Consider donating to Postgres: http://www.postgresql.org/about/donate


Re: text_pattern_ops and complex regexps

From
Stefan Kaltenbrunner
Date:
Tom Lane wrote:
> Alvaro Herrera <alvherre@commandprompt.com> writes:
>> I think changeable regex flavors turned out to be a bad idea.  They can
>> wreak all sorts of havoc.  You change the setting, SIGHUP, and suddenly
>> your application fails to work as expected.  Maybe we should make that
>> setting PGC_POSTMASTER (or just get rid of it?), and provide was to pass
>> flags to change the flavor for particular operations (this is easy for
>> function-based stuff but not so easy for operators).  That way it
>> doesn't intrude in stuff like cached plans and so on.
> 
> Maybe so.  I think it was originally intended mostly as a
> backwards-compatibility measure when we added the support for ARE
> flavor.  It's pretty likely that no one changes the flavor setting
> in practice anymore.  If we just locked it down as "advanced always"
> then we could simplify the documentation by a measurable amount ...

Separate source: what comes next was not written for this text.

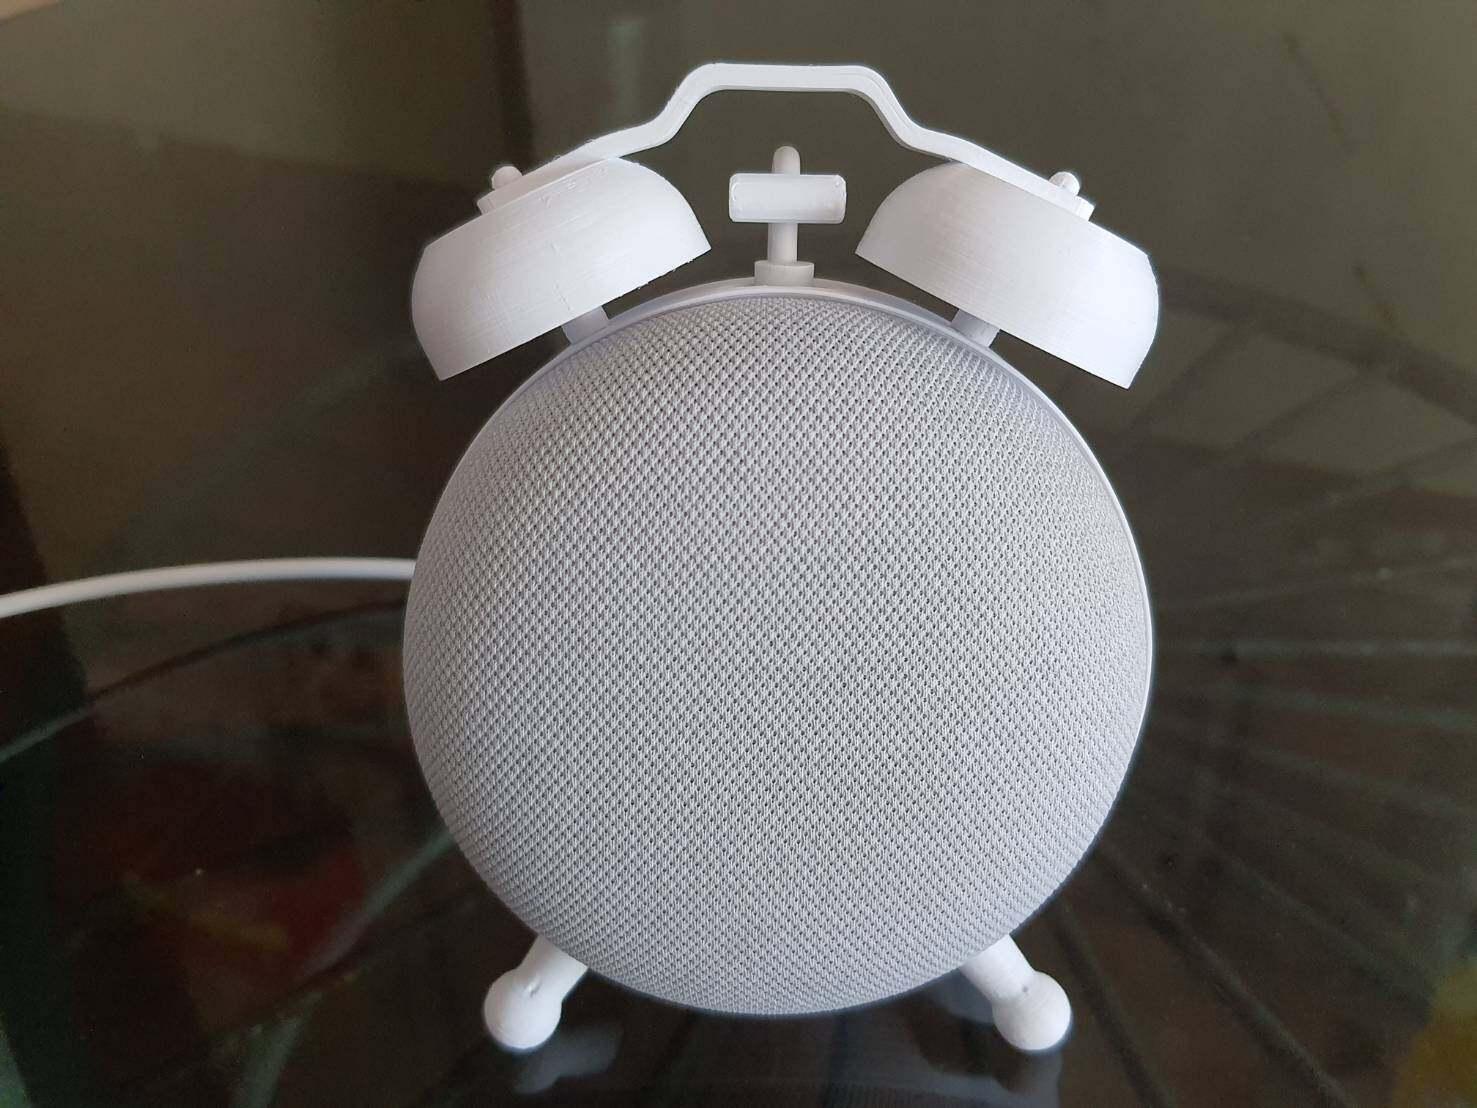 Cover case สำหรับ Google Home mini stand / google nest mini / google nest mini 2/stand กรอบ รูปทรงนาฬิกา google Home mini case google nest case

yeah I don't recall a single incident in the last few years that 
required playing with the regex flavours....



Stefan


Re: text_pattern_ops and complex regexps

From
Tom Lane
Date:
Alvaro Herrera <alvherre@commandprompt.com> writes:
> ... Maybe we should make that
> setting PGC_POSTMASTER (or just get rid of it?), and provide was to pass
> flags to change the flavor for particular operations (this is easy for
> function-based stuff but not so easy for operators).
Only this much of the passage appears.